After right-to-buy and later, after migrant families were moved in, the self-policing fell apart. The cockneys, my friend among them, moved east, and in the absence of elders, the norms themselves began to change. Within each cultural bubble perhaps conventions held. But the shared ethic, learned by children in schools, was that their duty was not to their neighbor but to themselves and possibly the planet which their neighbor was likely polluting. They learned that all stigma must always be lifted and that the gravest sin was to judge. Then smartphones took over and the idea of a shared public space fragmented further into a frogspawn of private spaces.
If Britain is shameless, it’s because shaming – meaning expressing disapproval of any public behavior – has become not a virtue but the cardinal sin. Just a few years ago, it was quite normal to tut over flagrant violations of our unspoken code. If someone was having a loud one-sided phone call on train, or talking through a movie, or sitting scrolling on a bus while a frail octogenarian stood nearby, or dumping their chips by the bus stop, they’d be tutted at. Just imagine doing that now. You’d be thumped, derided as a ‘Karen’.

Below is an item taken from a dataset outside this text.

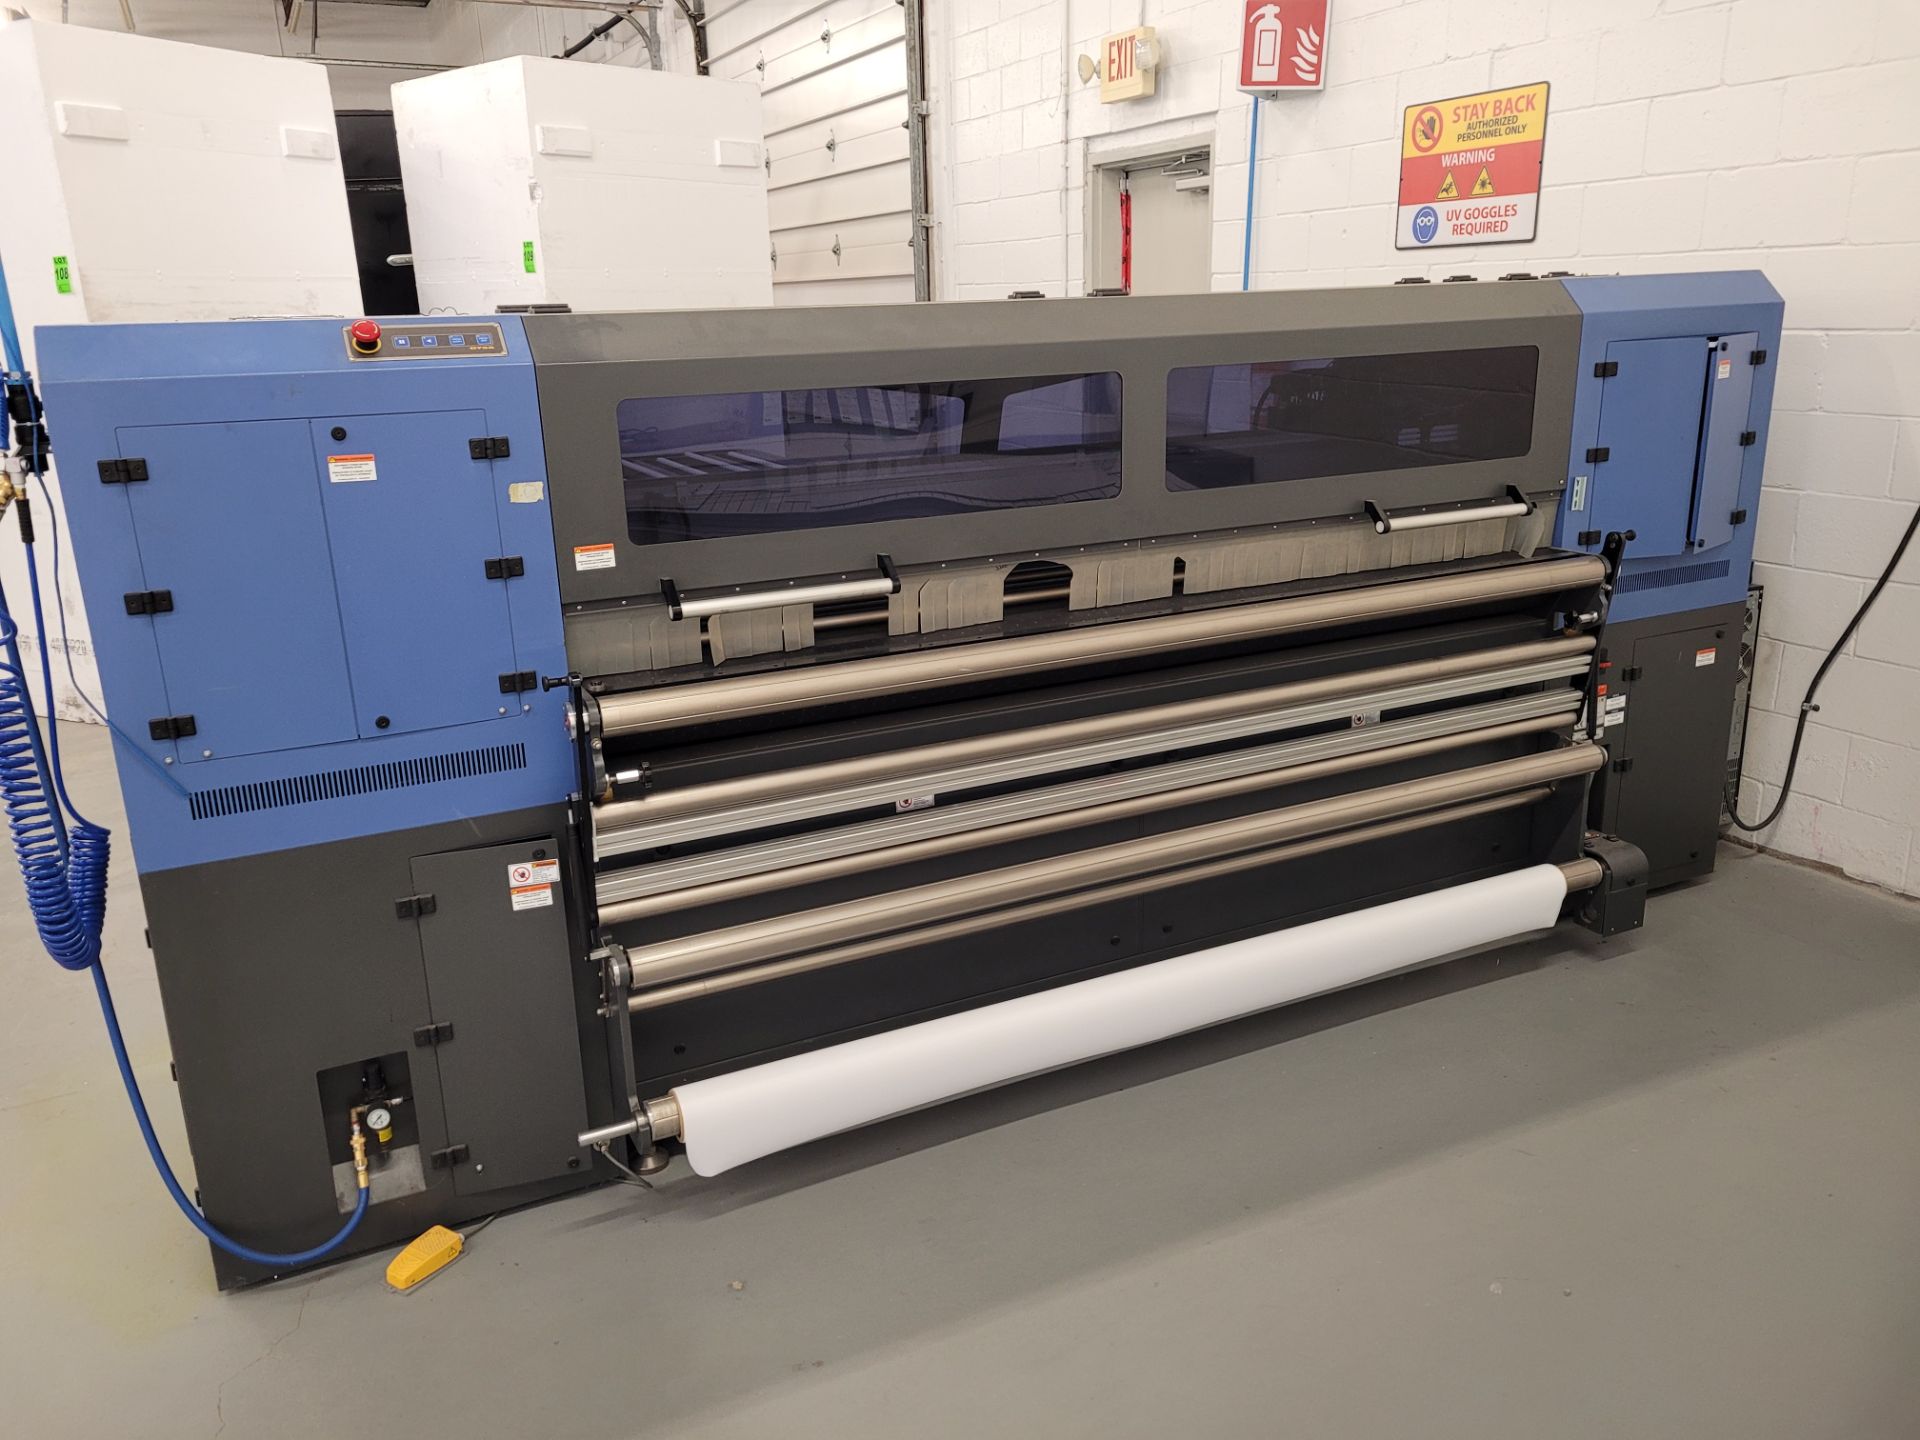 DYSS UV Printing Machine mod. Lasco & Apollo, ser. 221674RR000100264, 220V, includes conveyors and - Image 7 of 37

‘Loyalty, integrity, community’, read the banners in support of Sean Egan. The movement behind him is still growing and, sensing the way the wind blows, several MPs and the head of the Met and other big supermarket chains have now said they’re on Sean’s side, and that the thieving has to stop. Perhaps everyone’s beginning to understand that if Britain is to end its slide into shamelessness, we need all the Karens and all the Seans we can find.